World of Wonders – Robertson Davies
This novel tells the story about how a child kidnapped by a cheap carnie survives abduction, sexual abuse, emotional neglect, lack of education and exploitation amounting to slavery to become a world-famous illusionist.
Davies takes risks concerning the narrative. The illusionist, marvelous but not at all nice, tells his strange story in long monologues. Really long monologues shot with observations from the romanticism of the old time English theater to train travel across Canada in the Thirties. The other narrative device is the copious notes taken by a friend of the illusionist, who reports the commentary of the listeners about the long long monologues.
To balance the talky format, the story is strange enough to keep the reader interested. Davies inserts information about out-of-the-way knowledge and skills that will interest avid readers who like to know a little about a lot of things. All the characters talk in the same fluent, clever way, in mini-TED talks. They hold forth on sundry curious topics, such that the reader wonders if Davies was mining lecture notes or a commonplace book. To name only a couple learned points, references are made to Robert-Houdin’s autobiography and Spengler’s Decline of the West. Doubtless, Davies was a hardcore reader like us.
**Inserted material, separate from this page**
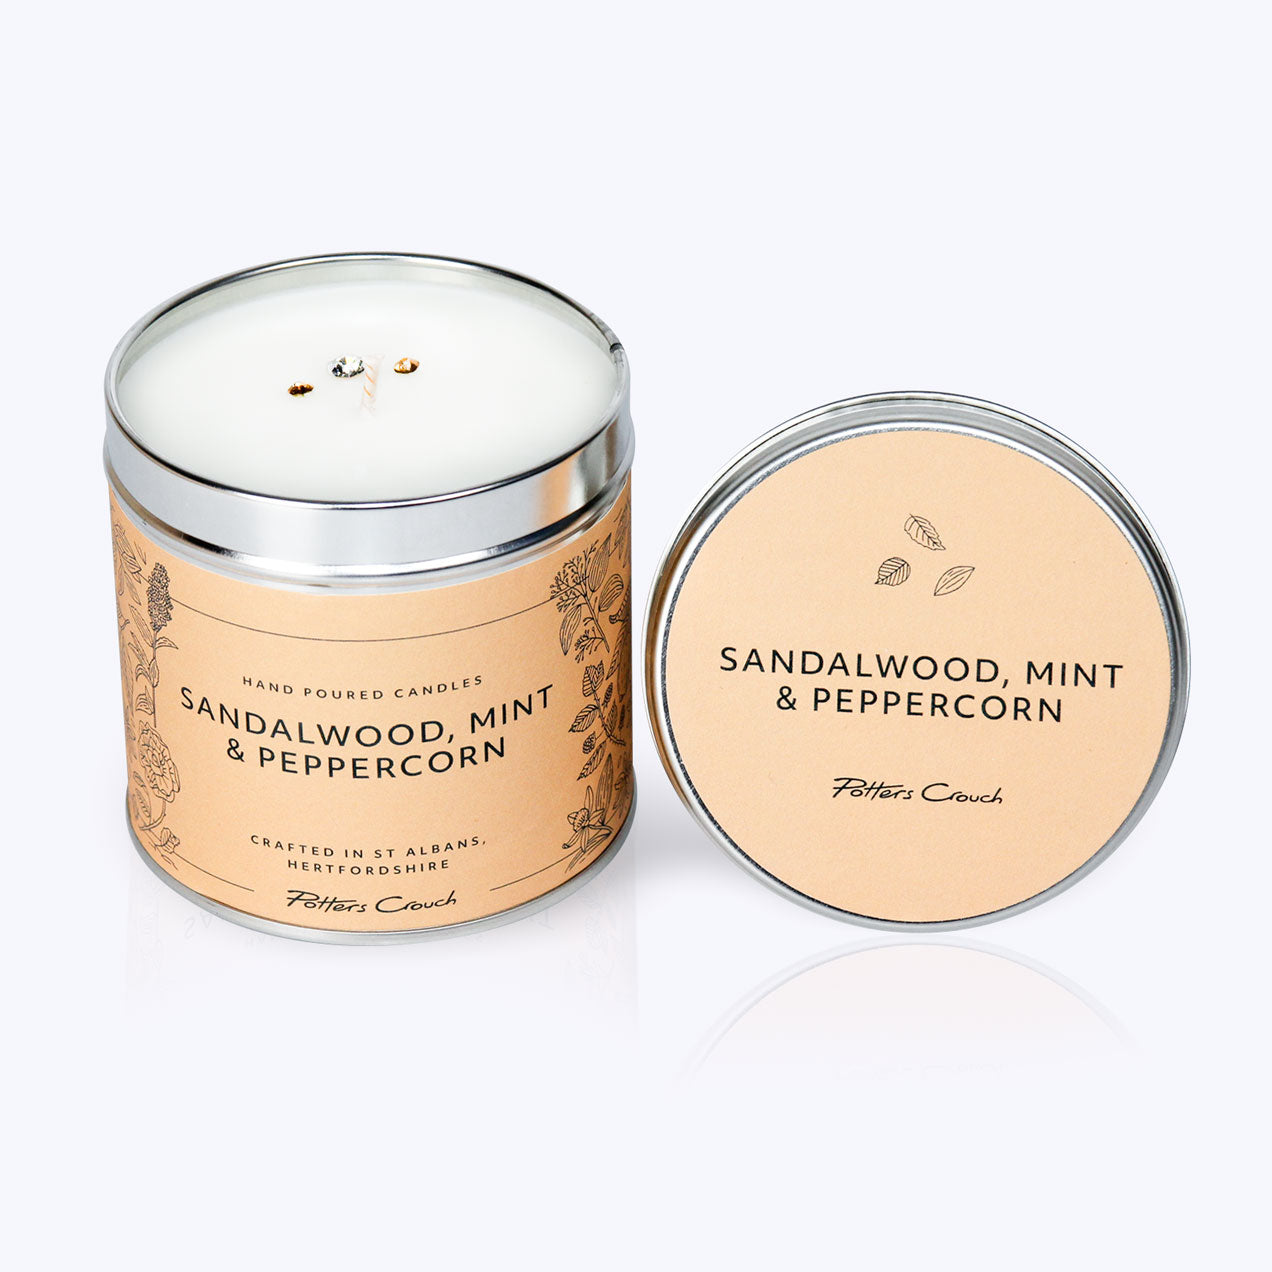 SANDALWOOD, MINT & PEPPERCORN SCENTED CANDLE
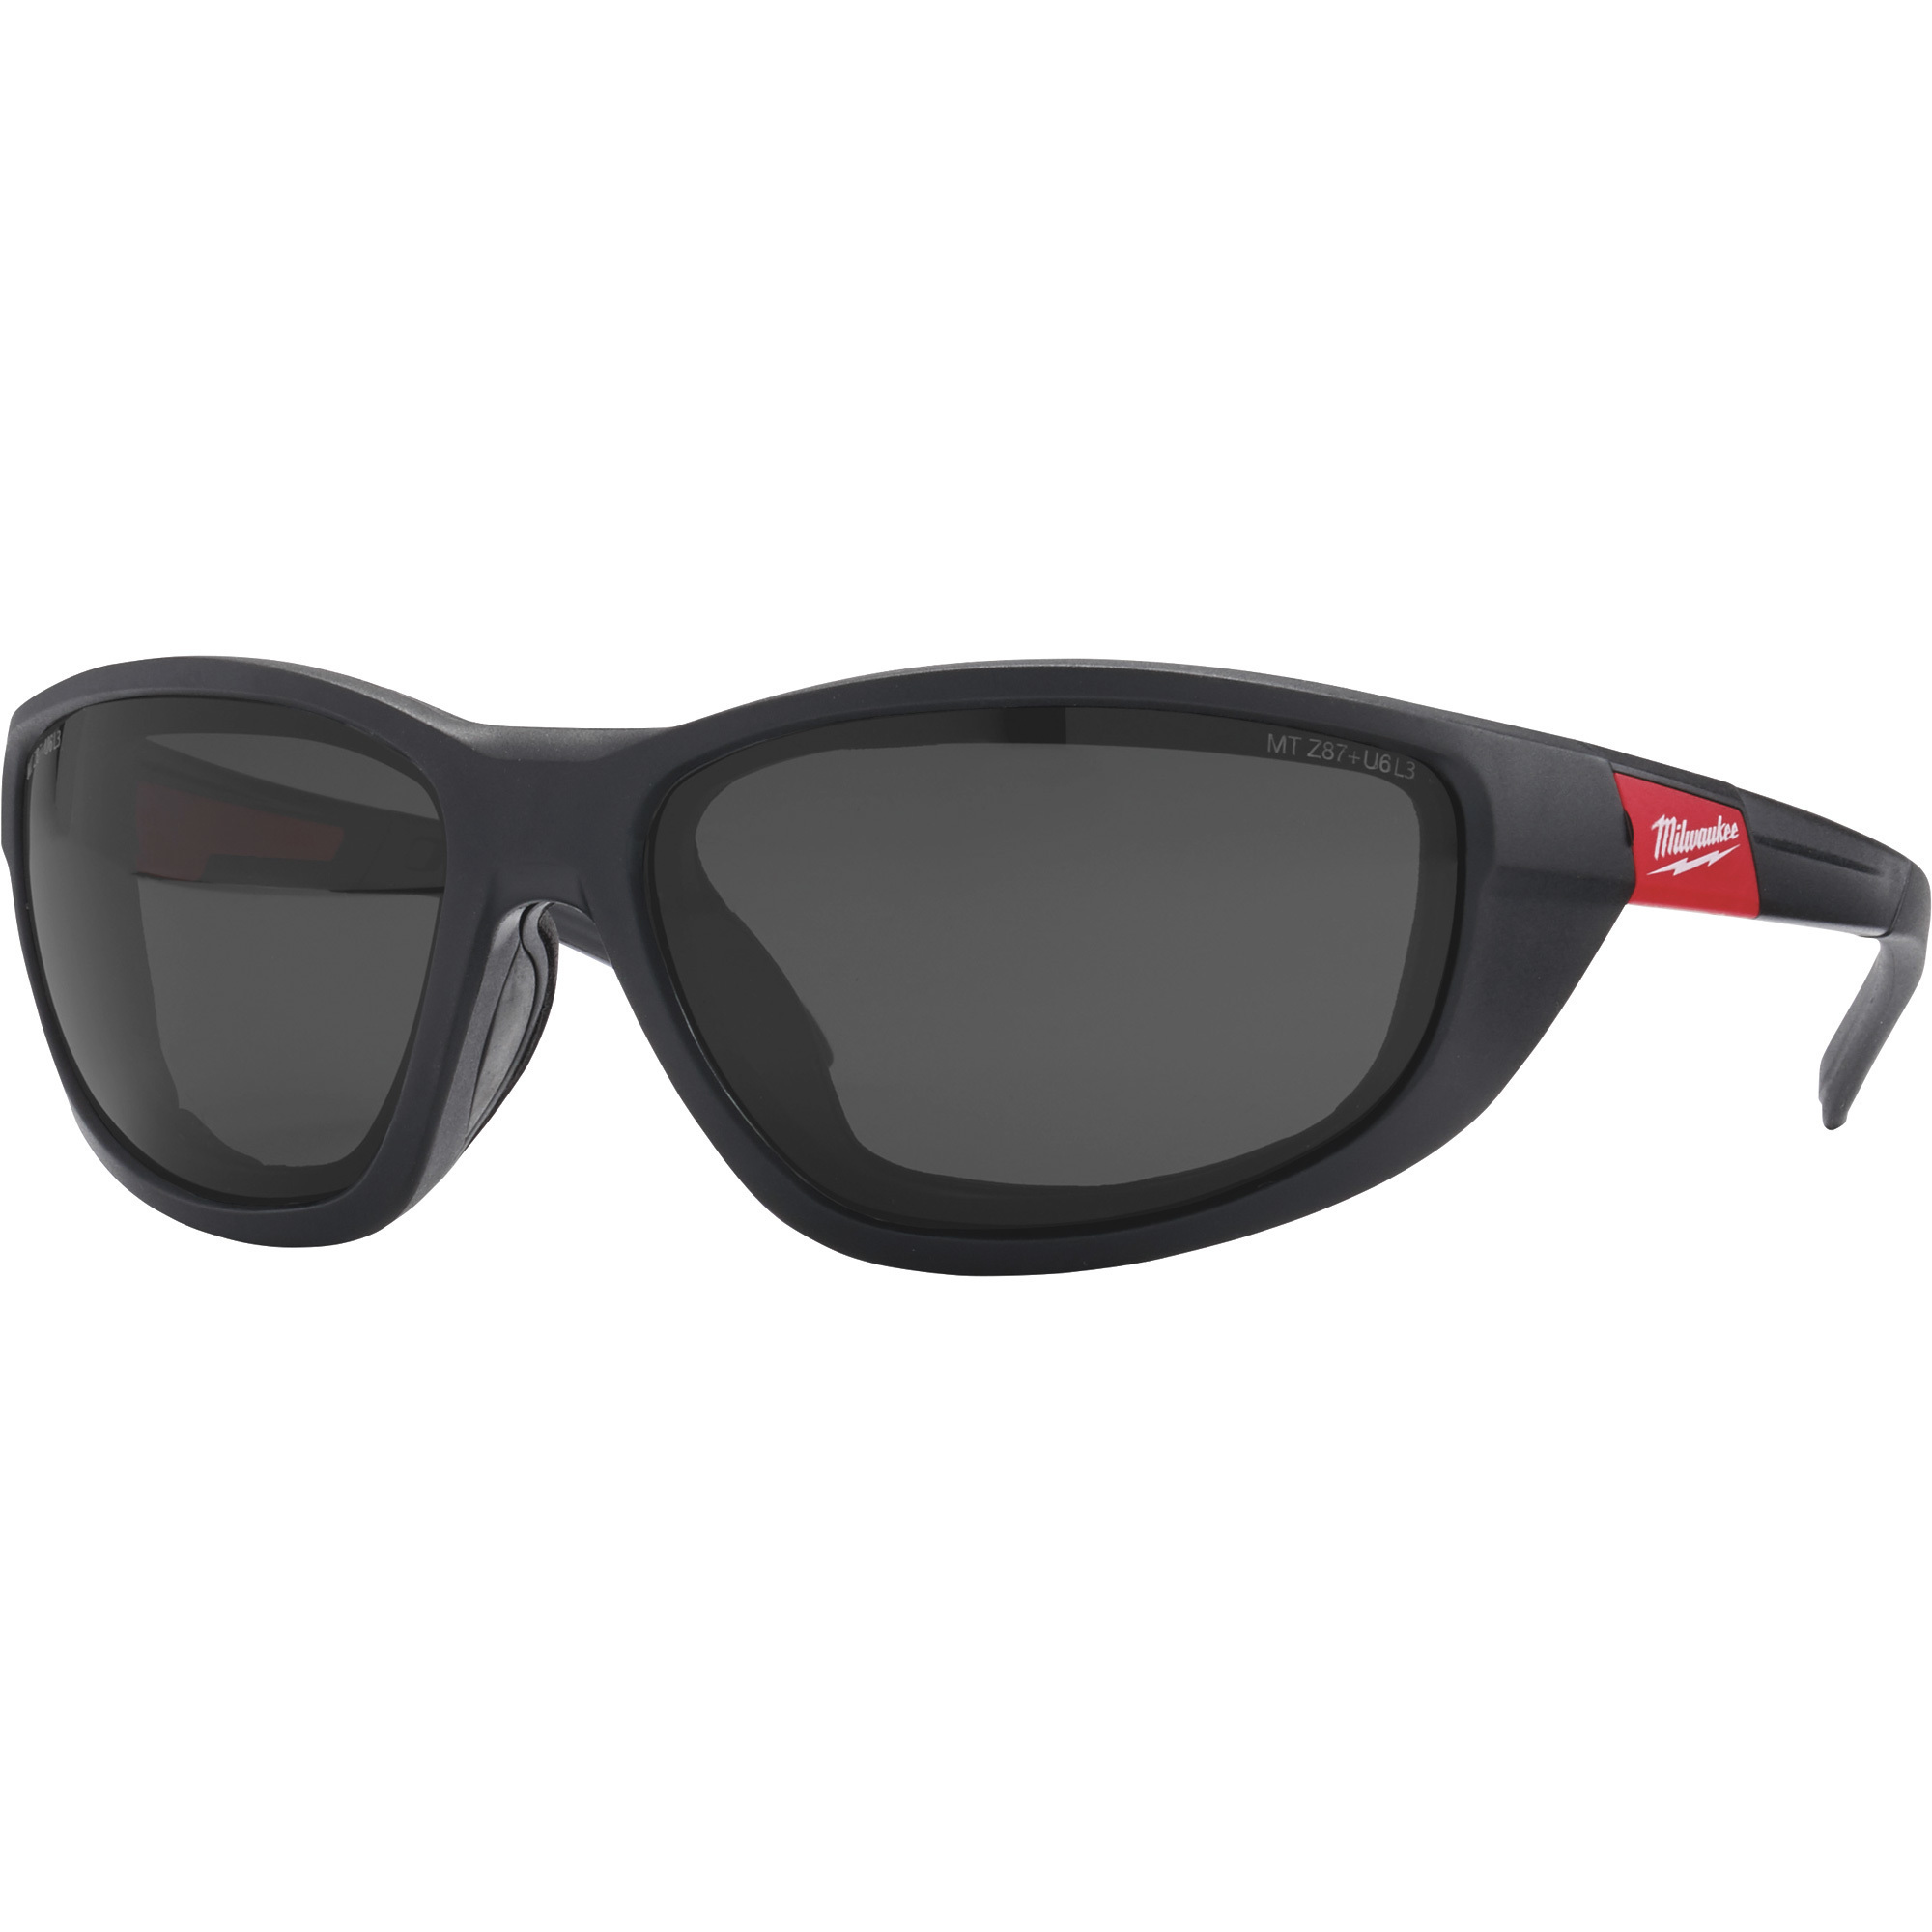 Milwaukee Anti-Fog, Scratch-Resistant, Impact-Resistant, Military-Grade Safety Glasses with Gaskets, Tinted Lenses, Black/Red Frames, Model 48-73-2045

Davies touches on heady themes, such as truth and the reliability of memory - how people themselves remember what happened, and in what versions the same events were preserved in the memory of other people who witnessed the same events. Ever a moralist, Davies explores the freedom of choice and how strongly external circumstances influence our ethical decisions or avoidance of them. Davies has characters explore the idea that every action counts. That is, every action will help or hurt. Everything we do or don’t makes on an impression on ourselves, on other people, on life itself. So we had better be careful because expiating transgressions may turn out to be more than we can handle.
I don't usually read like a picky pedant, but three factual goofs bugged me. One, apes don’t have tails; one of the carnie characters is an orangutan, a kind of ape; Davies gives the orangutan a tail. Two, the teen years are a time of growth spurts but Davies gives no indication that a growing teenager had increasing trouble fitting into the small space in which he had to work. Three, Davies refers to the “hard, bright light of Northern countries.” Well, in Regina, Saskatchewan, in spring I can only say “I’ll believe you, I’ve never been there” but the summer light is soft and watery in Riga, Helsinki, and St. Petersburg, where I have been in May. Look at paintings by Finnish impressionists, they captured that light.